Abstract:In many applications, signal denoising is often the first pre-processing step before any subsequent analysis or learning task. In this paper, we propose to apply a deep learning denoising model inspired by a signal processing, a learnable version of wavelet packet transform. The proposed algorithm has signficant learning capabilities with few interpretable parameters and has an intuitive initialisation. We propose a post-learning modification of the parameters to adapt the denoising to different noise levels. We evaluate the performance of the proposed methodology on two case studies and compare it to other state of the art approaches, including wavelet schrinkage denoising, convolutional neural network, autoencoder and U-net deep models.

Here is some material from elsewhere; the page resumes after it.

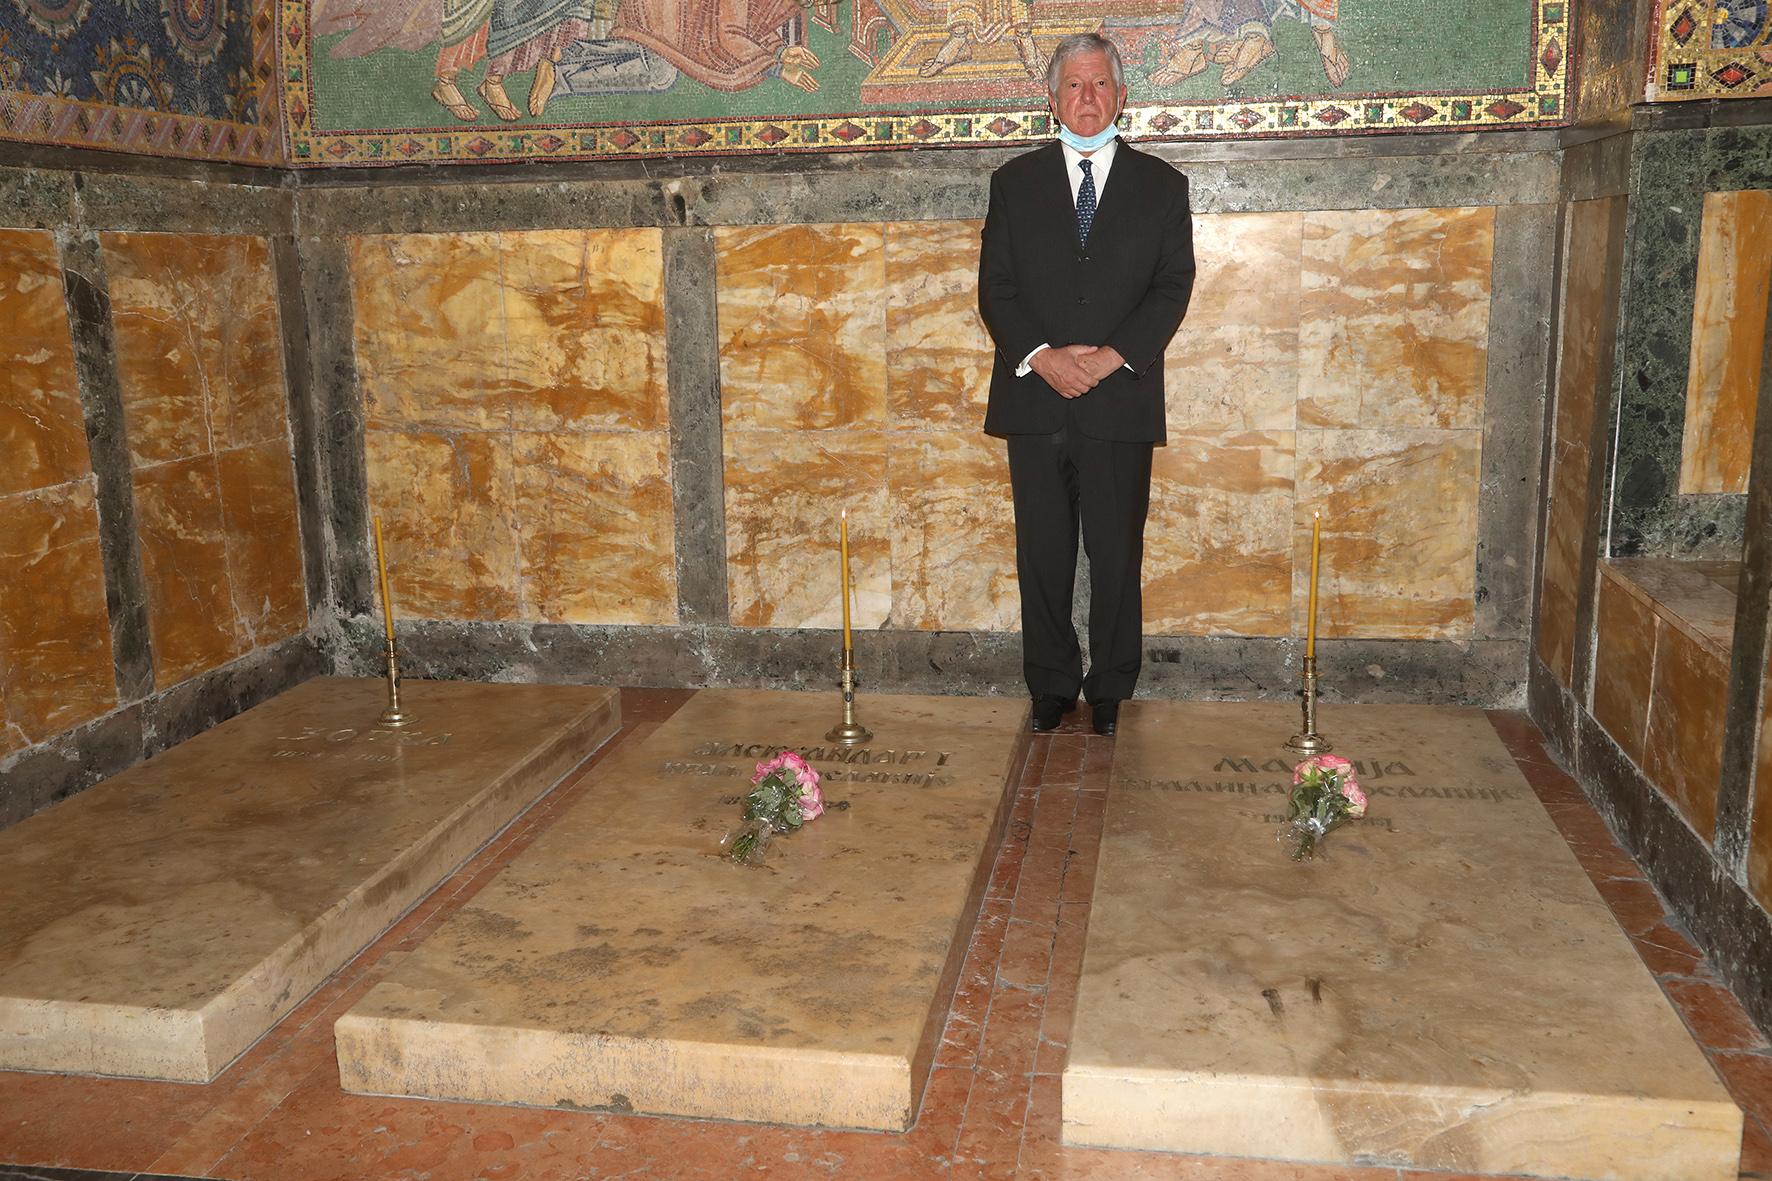 Nj.K.V. Prestolonaslednik Aleksandar pali sveće na grobovima njegovog dede, Nj.V. Kralja Aleksandra I i njegove bake, Nj.V. Kraljice Marije

The first case study is based on designed functions that have typically been used to study denoising properties of the algorithms. The second case study is an audio background removal task. We demonstrate how the proposed algorithm relates to the universality of signal processing methods and the learning capabilities of deep learning approaches. In particular, we evaluate the obtained denoising performances on structured noisy signals inside and outside the classes used for training. In addition to having good performance in denoising signals inside and outside to the training class, our method shows to be particularly robust when different noise levels, noise types and artifacts are added.